La Cour des Comptes a analysé les aides à la décarbonation de l’industrie proposées par le plan de relance de 2020 et par France 2030, le plan d’investissement stratégique adopté en 2021. Le rapport présente la cohérence de ces aides avec les autres interventions publiques. Il évalue la pertinence du ciblage des entreprises aidées au regard des objectifs de décarbonation et des enjeux de compétitivité. Et il donne un premier aperçu des effets de ces aides sur les entreprises bénéficiaires. Enfin plusieurs recommandations spécifiques sont proposées.
Décarboner l’industrie passe par de nombreux outils et démarches dont la sobriété, l’électrification, la biomasse, l’hydrogène ou le stockage de carbone.
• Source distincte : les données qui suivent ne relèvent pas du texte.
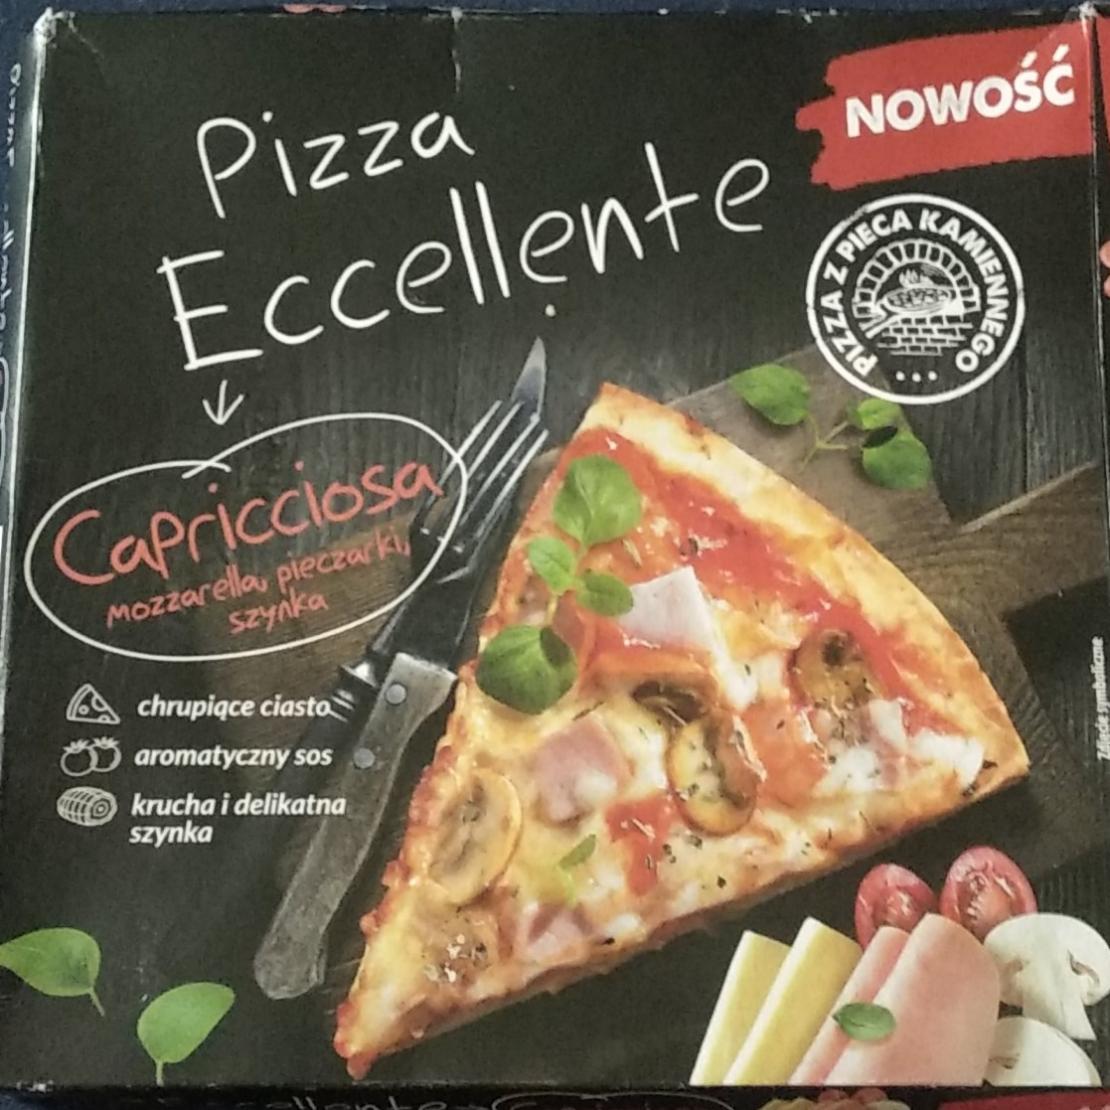 Zdjęcia - Capricciosa Pizza Eccellente Nowość

C’est un levier clé pour respecter les engagements de neutralité climatique d’ici 2050 et pour améliorer la compétitivité dans un contexte de tensions sur les échanges commerciaux.
Les aides destinées à soutenir la décarbonation de l’industrie ont été fortement accrues entre 2020 et 2024 dans le cadre du plan de relance et de France 2030. Dans son rapport, la Cour des Comptes s’est penchée sur celles visant à soutenir l’investissement pour le déploiement des technologies de décarbonation sur les sites industriels, représentant une enveloppe totale de 3,4 Md€ répartie entre les dispositifs opérés par l’Ademe(1) et le guichet pour la décarbonation de l’industrie géré par l’Agence des services de paiement (ASP).
Les émissions de l’industrie en France
En 2024, l’industrie manufacturière est le troisième secteur* le plus émetteur en France (58,7 MtCO2e, soit 15,9 % des émissions totales). Ses émissions sont surtout le fait des secteurs minéraux non métalliques et matériaux de construction, chimie, métallurgie et agro-alimentaire (qui, à eux quatre, représentent 88,6 % des émissions de l’industrie). Elles sont concentrées sur un nombre limité de grands sites (les 50 sites les plus émetteurs représentaient 58 % du total en 2022). Même si l’industrie a fortement diminué ses émissions et leur intensité depuis 1990, un effort soutenu de réduction est nécessaire pour parvenir aux objectifs fixés dans la SNBC, tout comme sont nécessaires des investissements élevés pour transformer les procédés de production et déployer les technologies de décarbonation dont les degrés de maturité et les perspectives de déploiement sont encore inégaux.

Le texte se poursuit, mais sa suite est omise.